Always-Somber Saints Are a Modern Invention

I once heard a speaker claim that one of the reasons it is hard for ordinary Christian families to see themselves in the Holy Family is that all the famous paintings we see of Jesus, Mary, and Joseph always show them utterly serious, dour, and pious, without making room for smiling, laughter, and recreation.

It is an interesting claim. On the one hand, nearly 2,000 years of Christian art, Eastern and Western, concur in rarely portraying Jesus smiling, even as a child; he is, to my knowledge, never shown smiling as an adult. The Gospels never once show Jesus laughing or smiling, which led G. K. Chesterton to one theory and Umberto Eco to another.
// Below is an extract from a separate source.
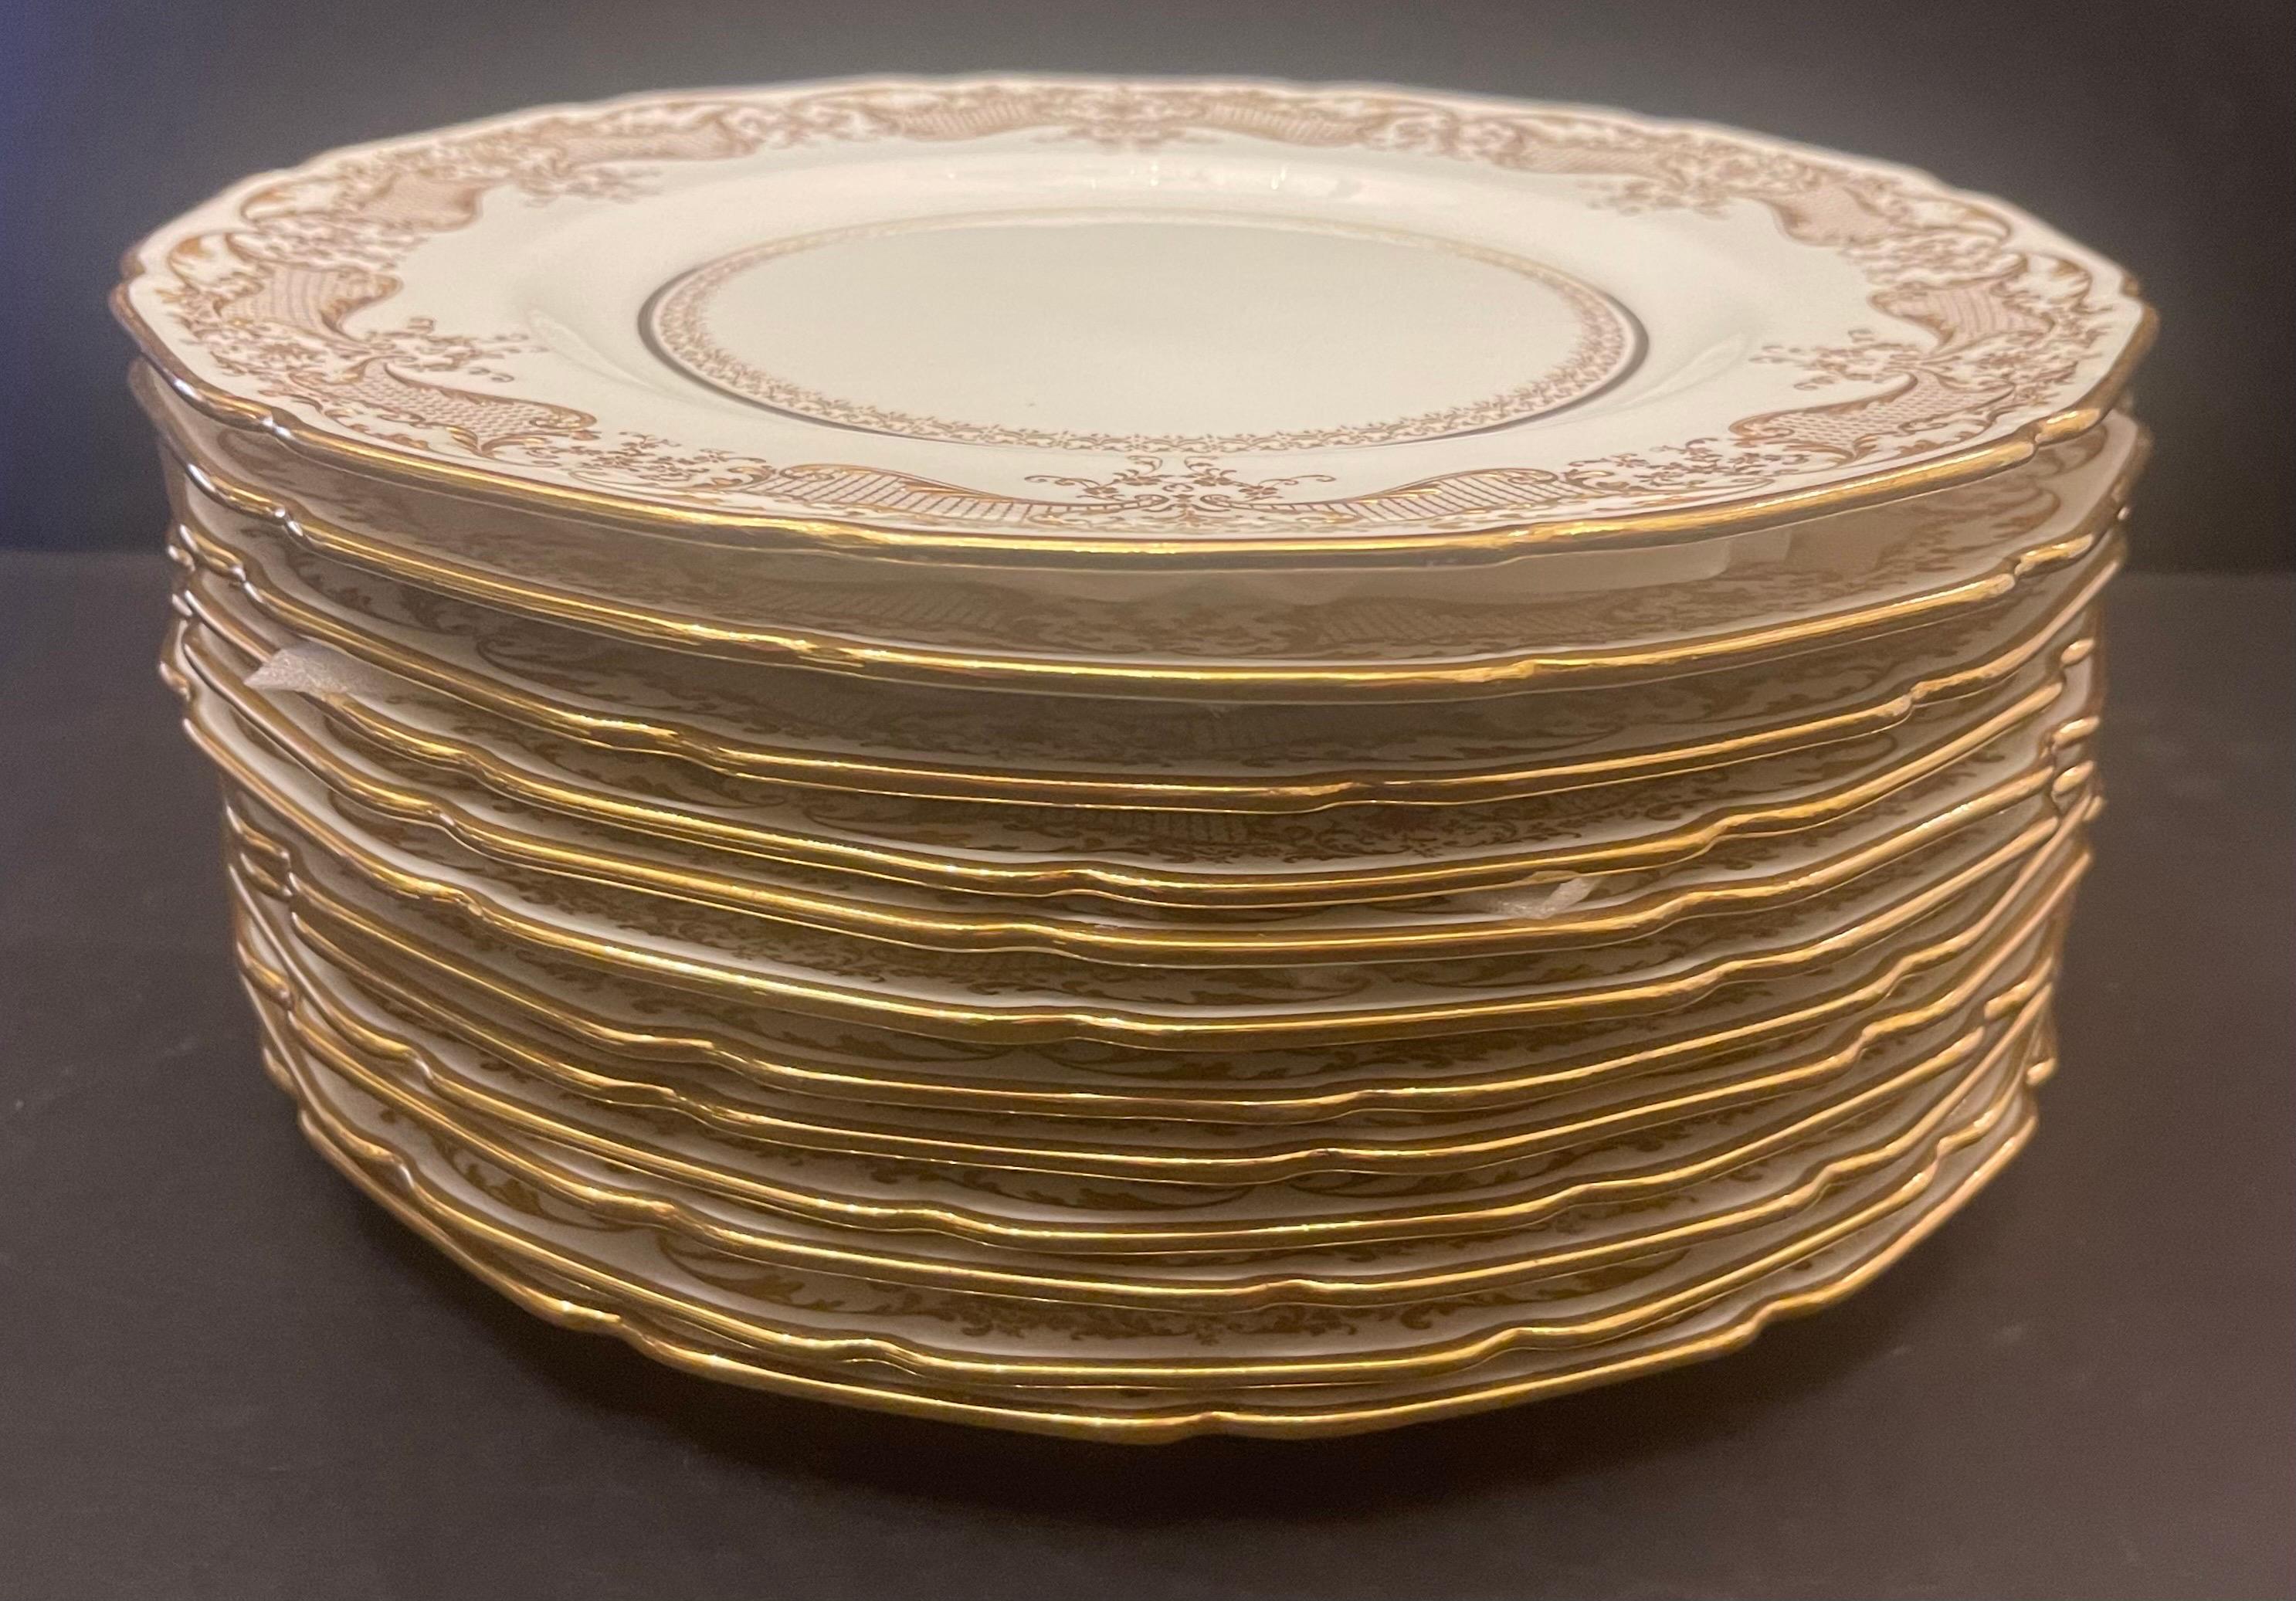 A Wonderful Service Of Royal Doulton 12 Antique English Raised Gold Gilt Encrusted Service / Dinner Plates. 
Stamped Royal Doulton England On The Back Of Each Plate.

Can we say that the entire tradition of countless thousands of images from apostolic times to the present is off-base? Gives us the wrong impression? A false spirituality? The third wave of Iconoclasm which followed in the wake of Vatican II was based on just such loose and facile reasoning. The artistic traditions of the Church are to be praised, not denigrated.

St. Teresa of Jesus was cheerful and couldn’t stand dour-faced people, that’s for sure. But she bitterly lamented the time she wasted in her youth as a frivolous and talkative religious, and spent her later years tirelessly reforming the Carmelites to make their life more strict, more ascetical, more silent, and more ordered to prayer. She would not tolerate any worldliness. To this day, I would say that healthy religious are like well-contained underground reservoirs of joy that sometimes bubble at the surface without exploding like a geyser. But you can tell that inside is to be found the reality that would express itself outwardly as smiling and laughing.

Yet there is more to the story of Christian art than seriousness. Medieval sculptors and painters had a brilliant knack for making smiling saints who do not look ridiculous or goofy. We can find Holy Family groupings where the baby Jesus is playfully pulling Joseph’s beard, and Joseph, for his part, is having a fun time of it.